Runcorn Highfield ARLFC

Club information
- Full name: Runcorn Highfield Amateur Rugby League Football Club
- Colours: Green and yellow
- Founded: 2005; 20 years ago

Current details
- Ground(s): Heath Park Playing Fields, Runcorn;
- Competition: North West Men's League, Division 2
- 2024 season: 8th

= Runcorn Highfield ARLFC =

English amateur rugby league club

Runcorn Highfield ARLFC, formerly Runcorn ARLFC, is a rugby league club based in Runcorn, Cheshire, England. They play in the North West Men's League.

==History==

The club badge was the arms of the former Runcorn Urban District Council until a rebrand in 2021

The first rugby league club in Runcorn was Runcorn RFC which joined the Northern Union in 1895, just several days after it was founded. But the club folded in 1918.

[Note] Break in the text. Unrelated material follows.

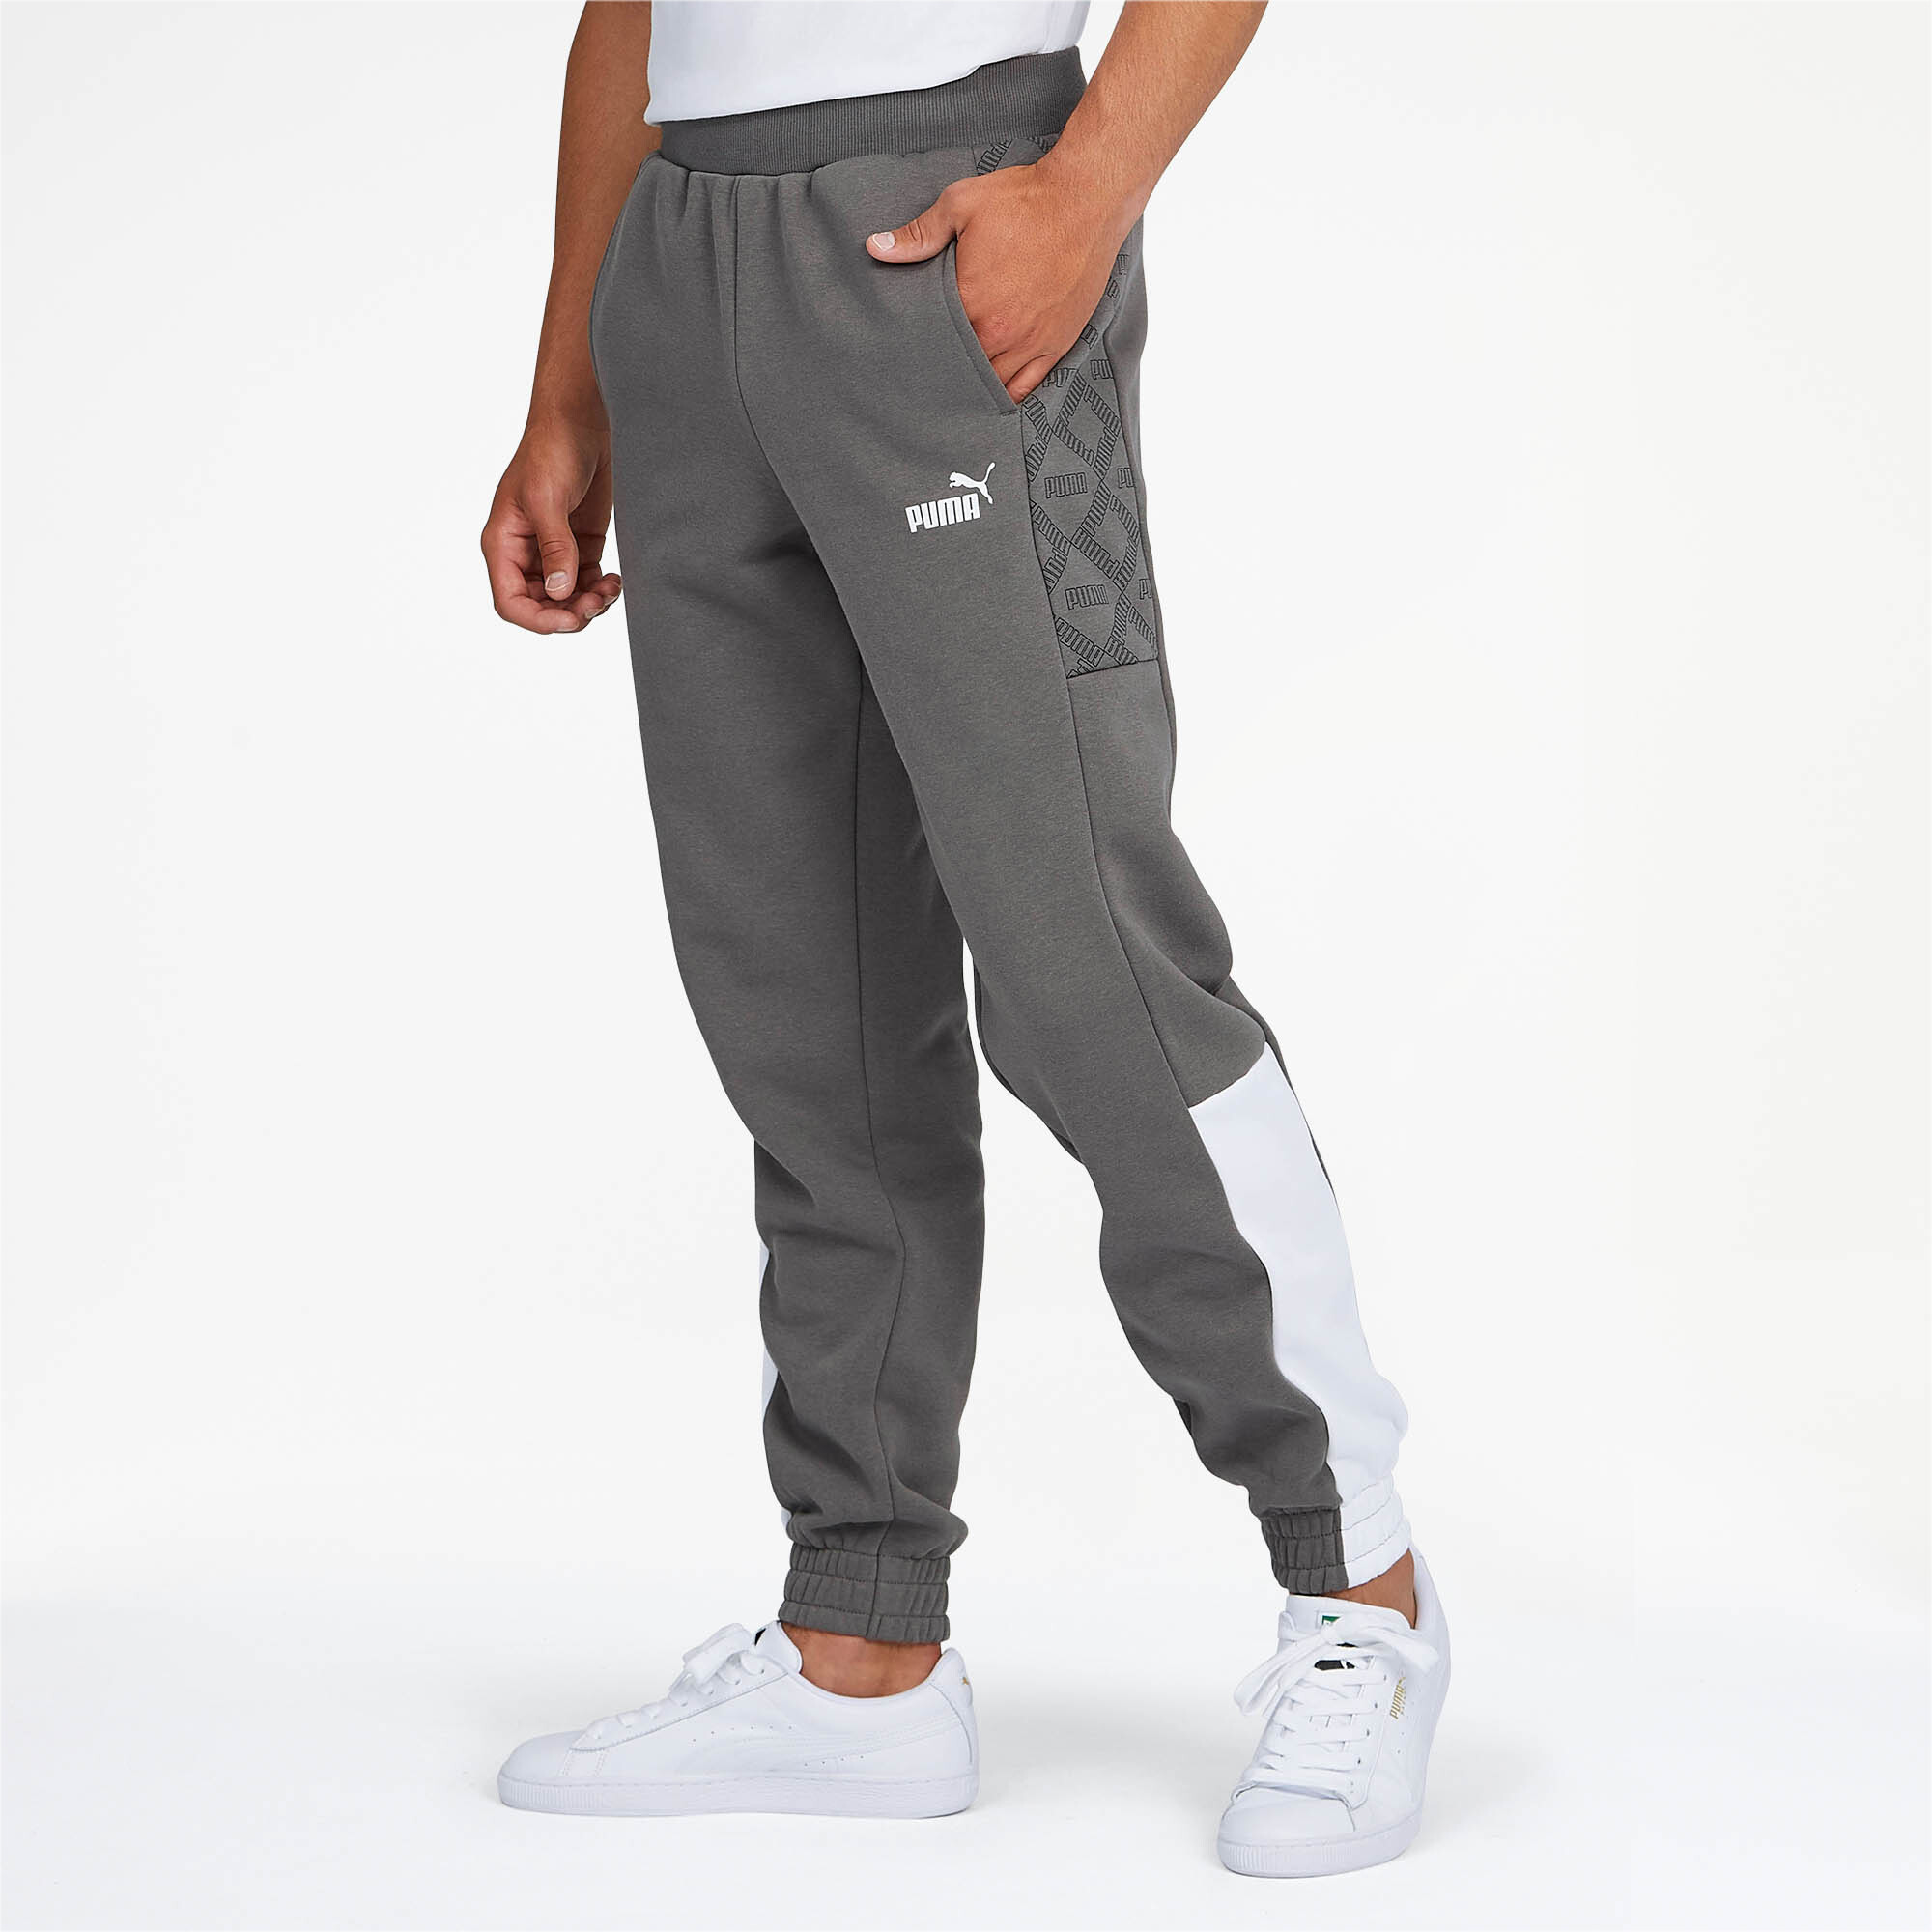 PUMA Logo AOP Pack Men's Sweatpants Men Knitted Pants Basics | eBay

Huyton RLFC moved to Runcorn FC's Canal Street in 1985 and became known as Runcorn Highfield. The club lasted in Runcorn until 1991 when it was renamed Highfield and moved to St Helens before being wound up in 1996.

The present club was founded in 2005 as Runcorn Vikings, joining the Rugby League Conference North West division. In 2006, they played in the Cheshire Division, which was effectively the old North West Division renamed to reflect where most of the teams were based.

In the 2007 season, Runcorn dropped the Vikings moniker. For the 2022 season, the club adopted the name 'Runcorn Highfield' last used by the defunct 1996 club.